Studies were excluded from the review if they did not meet the inclusion criteria. Studies were considered for inclusion if they employed a quantitative research method. All randomised control trials (RCT’s), non-randomised control trials, original studies, observational studies, cohort studies, before and after studies, retrospective, and prospective studies. Study participants were all adult patients ≥ 18 years of age undergoing surgery for a hip fracture. Type of fractures included intracapsular and extracapsular fractures (intracapsular, which involves the femoral head and neck, and extracapsular, which includes intertrochanteric, trochanteric, and subtrochanteric fractures).

Exclusion criteria included participants under 18 years old, multiple fractures, pathological fractures, missed fractures, in-hospital fractures, periprosthetic fractures, no surgery, and critically ill patients e.g. myocardial infarction/stroke/intensive care admission. Included studies examined the use of fast-track pathways intending to streamline/bypass the emergency room. They began prehospital/on arrival and included the following investigation: prompt laboratory tests, ECG’s, analgesia, and direct transfers to X-ray and specialised wards. Studies were excluded if they explored integrated-care plans (ICP’s) as this study is focused on the pre-operative admission phase. Included studies examined ‘usual care’ as a comparator. This consisted of patients arriving at the emergency room via ambulance with a suspected hip fracture and triaged in the emergency room according to existing hospital guidelines. Studies that examined ICP’s were excluded. All studies had researched the primary outcome (LOS) as either their primary or secondary outcome.

Data collection, extraction, analysis, and synthesis

Titles and abstracts of all available studies were screened for inclusion in the SR followed by obtaining relevant full-text versions. All relevant studies obtained were included. A regimented data extraction approach was established and implemented. All necessary data about study characteristics and findings from the included articles were extracted and presented on a populated data extraction table adapted from Bettany-Salticov and McSheery [20]. The data extracted included author, date of publication, country, setting, research design, participants, aims, inclusion and exclusion criteria, intervention, comparator, primary and secondary outcomes measured, analysis, results, conclusions, and EBL (Evidence-Based Librarianship) scores. As recommended best practice [21], two authors, Sarah Maher and Zena Moore independently extracted the data, this minimises the risk of bias and errors [22]. Due to the heterogeneity of the data extracted from the included studies, a complete meta-analysis was not possible, therefore, a narrative analysis of the data was conducted and some data meta-analysed using RevMan where possible. The results are presented on summary tables and in a narrative form on forest plot diagrams.

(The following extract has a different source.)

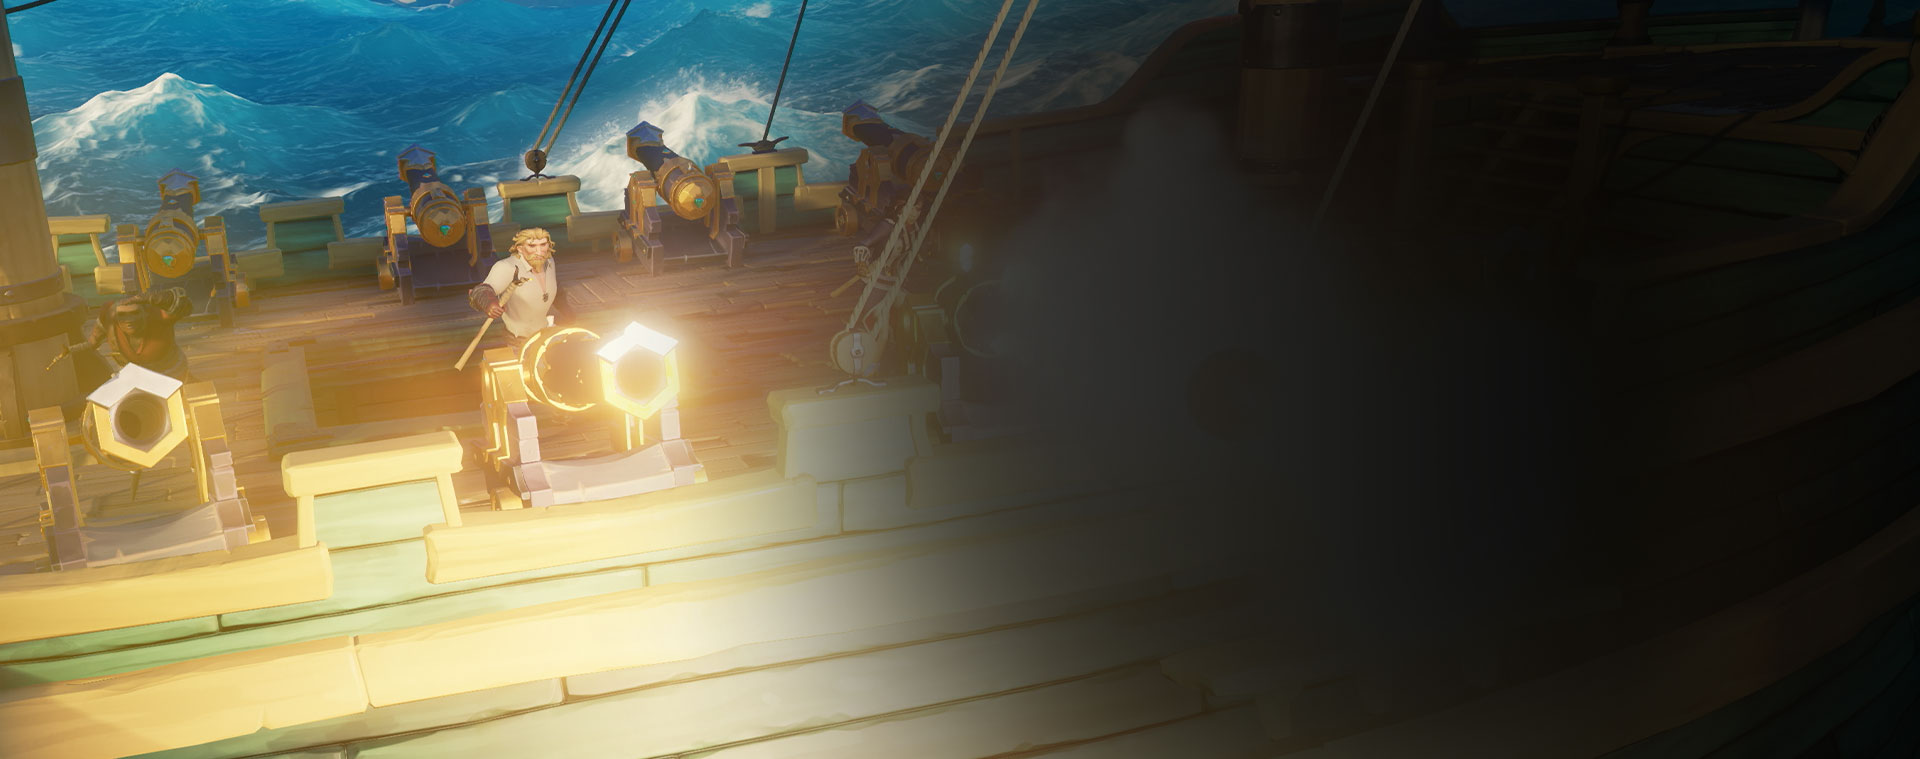 船から大砲を撃つ「Sea of Thieves」 のキャラクター

Assessment of methodological quality

Each of the included studies was appraised using a critical appraisal tool known as the EBL checklist. This tool was chosen, in discussion with a second reviewer, due to the heterogeneity of the included studies. This tool consists of a series of 26 questions, distributed under four headings (population, data collection, study design, and results). These questions aim to identify possible threats to the validity of the studies by attempting to determine applicability, appropriateness, and rigour. Each question is answered as ‘yes’, ‘no’, ‘unclear’ or ‘non-applicable’. A study is valid if the ‘yes’ answers are ≥ 75% or if ‘no/unclear’ answers ≤ 25%. Therefore, invalid studies will score ≤ 75% ‘yes’ answers and ≥ 25% of ‘no/unclear’ answers. This process was completed by two reviewers to reduce the risk of bias.

Results

Search results

Following an extensive search of the literature, 96 articles with potential for inclusion were identified. Through ‘hand-searching’ and searches of the ‘grey’ literature, three more articles were identified for inclusion. Duplicates were removed through an online reference manager, Endnote, and a thorough manual screen. Following the removal of duplicates 57 articles remained. Titles and abstracts of these 57 articles were screened, 28 articles were excluded (did not meet inclusion criteria or were secondary research). Out of the 29 remaining articles, full-text copies were obtained and assessed for suitability. The authors of two studies [23, 24] were contacted via email to request a full-text copy. There was no reply from both authors. As only the abstract of both studies was available, these studies were excluded from the review. A further 20 articles were excluded as they did not meet the inclusion criteria (excluded articles n = 22) The main reasons for exclusion include, no comparator (n = 2) [25, 26]; literature review (n = 1) [27]; audit (n = 4) [28,29,30,31]; incorrect participants (n = 1) [32] and inappropriate intervention (n = 12) [33,34,35,36,37,38,39,40,41,42,43,44]. Seven studies were considered suitable and included in this review. These data are presented on PRISMA flow diagram (see Fig. 1). A summary of the included studies, with their characteristics and their EBL scores, is presented in Table 1.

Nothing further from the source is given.